Having grasped the concept of data structures, it's essential to understand their importance – they play a crucial role because they enable us to sort data in a manner that facilitates easy access and modification. Here are some of the key benefits that data structures offer:

    1. One of the significant perks of data structures is their ability to arrange data in a manner that makes accessing, modifying, and storing it a breeze.

    2. Another major advantage of data structures is their capacity to help us discover and recognize connections between various data pieces.

    3. Data structures are incredibly versatile, capable of storing a diverse range of information - from numbers and text to images, and even intricate entities like database records or programs.

Data structures play a fundamental role in programming as they serve as the means for storing and manipulating data within software. Various data structures are designed to suit different tasks, and the selection of an appropriate data structure can significantly impact the efficiency of an algorithm or program.

Stack data structures are used in many applications. They are critical for algorithmic processes like Depth-First Search (DFS) in graph theory. They are also used in scenario like function call stack in programming languages, backtracking, parsing, expression evaluation and conversion, and memory management.
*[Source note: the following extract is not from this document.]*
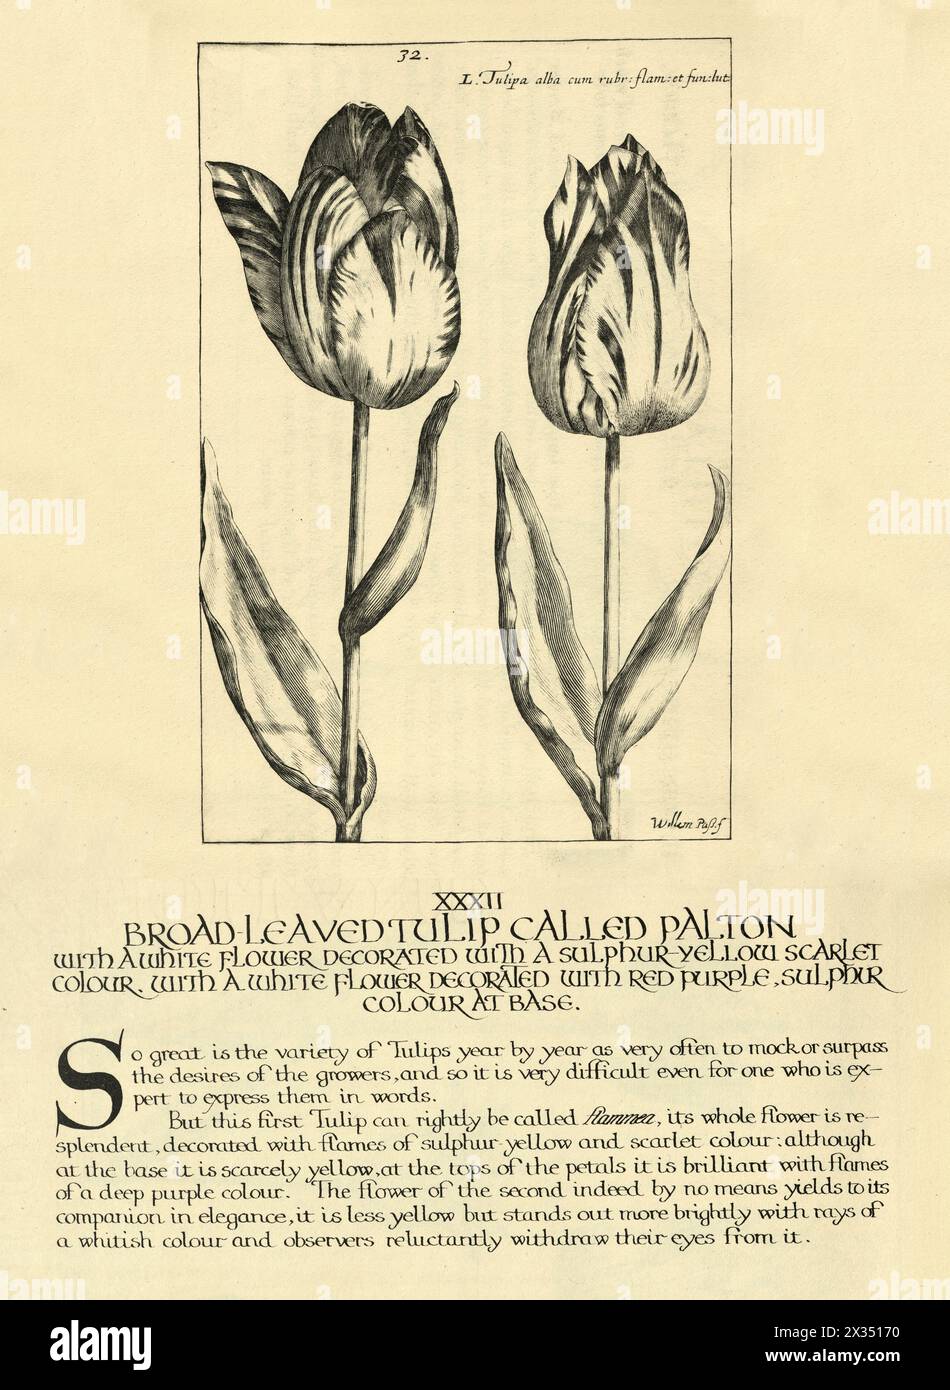 Botanical art print of broad leaved tulip called palton, from Hortus Floridus by Crispin de Passe, Vintage illustration, 17th Century Stock Photo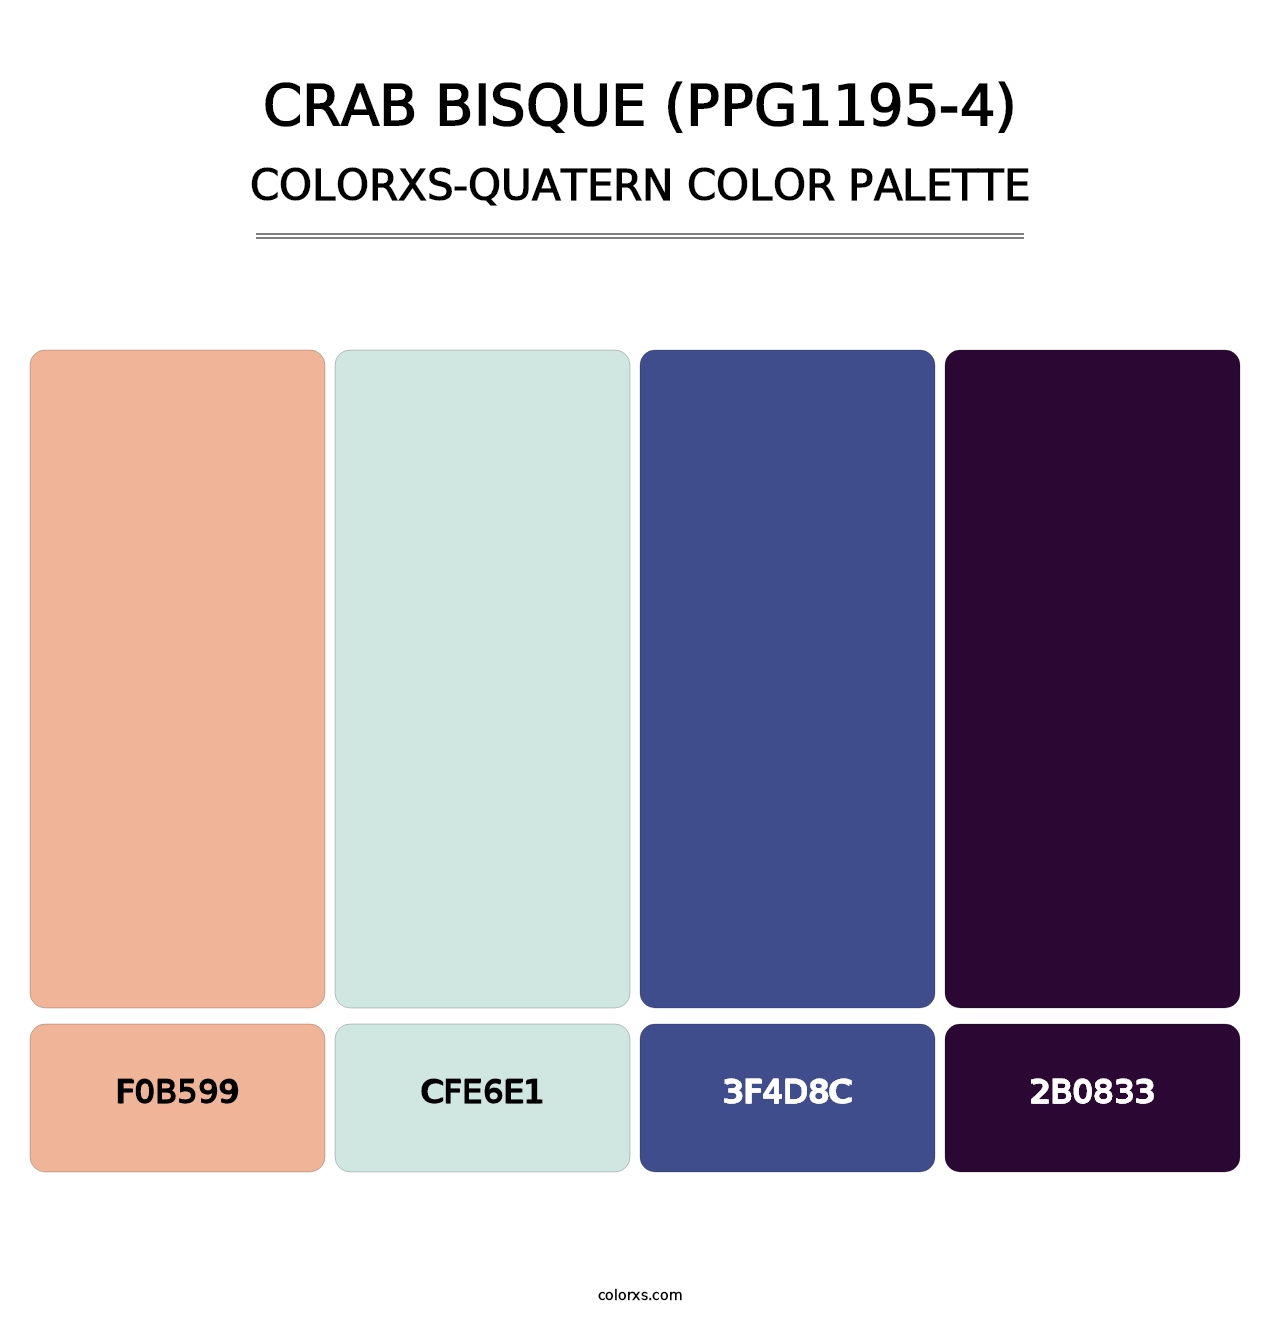 Crab Bisque (PPG1195-4) - Colorxs Quatern Palette

Queue data structures are used in various real-world scenarios such as managing processes in operating systems, handling requests on a single shared resource like a printer, in network devices like routers or switches to manage the packet flow, and in Call Center phone systems to hold the callers until a service representative is available.

Trees are an exceptionally adaptable, versatile, and robust form of data structure employed across numerous domains in computing. They find application in databases to facilitate swift data retrieval, in routers for storing routing tables, in machine learning algorithms for organizing hierarchical data, and in a multitude of other practical implementations.

A hash table, often referred to as a hash map, is a type of data structure designed to associate keys with their corresponding values. This is achieved through the use of a hash function, which computes an index pointing to an array made up of buckets or slots. This calculated index directs to the required value, thus facilitating speedy data retrieval. Hash tables are commonly used in multiple fields, including database indexing, caching, memory allocation, among others, where rapid access to data is crucial.

Graphs are widely used in computer science and other fields. They are used in social networks (where users are vertices and friendships/relationships are edges), web pages (with hyperlinks serving as the edges), in mapping and routing services (with locations as vertices and roads as edges), and in many other areas. Graph algorithms like search, shortest path, and minimum spanning tree are also foundational to many areas of computer science.